Possible net harms of breast cancer screening
BMJ 2011; 343: d7627

This study aimed to answer the simple question: could breast screening do more harm than good?

In the 1980s, the Forrest Report led to the introduction of breast screening for women more than 50 years old.

A subsequent Cochrane review cast some doubt on the value of this initiative, pointing out the possibility of morbidity from false-negatives being treated, and psychological distress being caused.

Computer modelling followed two cohorts of 100,000 healthy women, one undergoing screening and the other not.

Pre-screening rates of breast cancer were applied to both groups.
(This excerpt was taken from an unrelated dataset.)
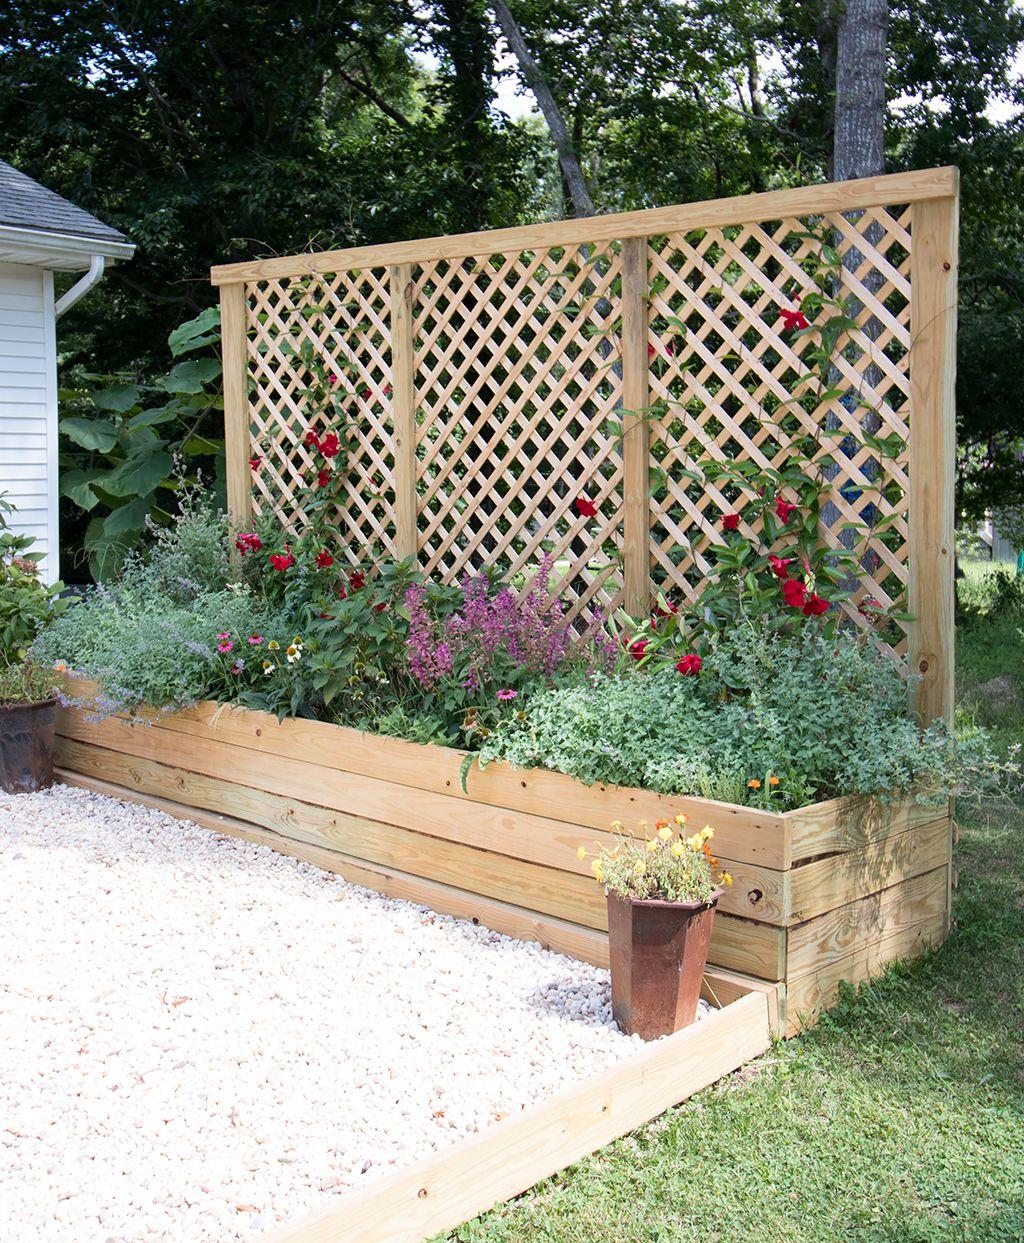 Privacy Screen Planter Diy Gina Michele Diy Garden Bed Raised Garden Beds Diy Diy Raised Garden

The conclusion was that harms from screening largely offset the benefits up to 10 years, after which benefits accumulated rapidly, but much less than originally expected.

All this has polarised opinion in the profession and makes it difficult to advise patients. It appears that the controversy will continue for some time to come.

  • Dr Glenesk is a GP in Aberdeen and a member of our team who regularly review the journals

Reflect on this article and add notes to your CPD Organiser on MIMS Learning

CPD IMPACT: EARN MORE CREDITS

These further action points may allow you to earn more credits by increasing the time spent and the impact achieved.

  • Perform a search for all of your patients with RA and administer a short questionnaire for depression.
  • Identify all of your patients diagnosed with cancer in the past year. How many did you refer urgently, and what were the early symptoms? You can also look at the percentage of your urgent referrals which resulted in a diagnosis of cancer.
  • Identify all the women diagnosed with breast cancer from your last round of screening. Are there any very early diagnoses? You could discuss these cases with a local breast surgeon.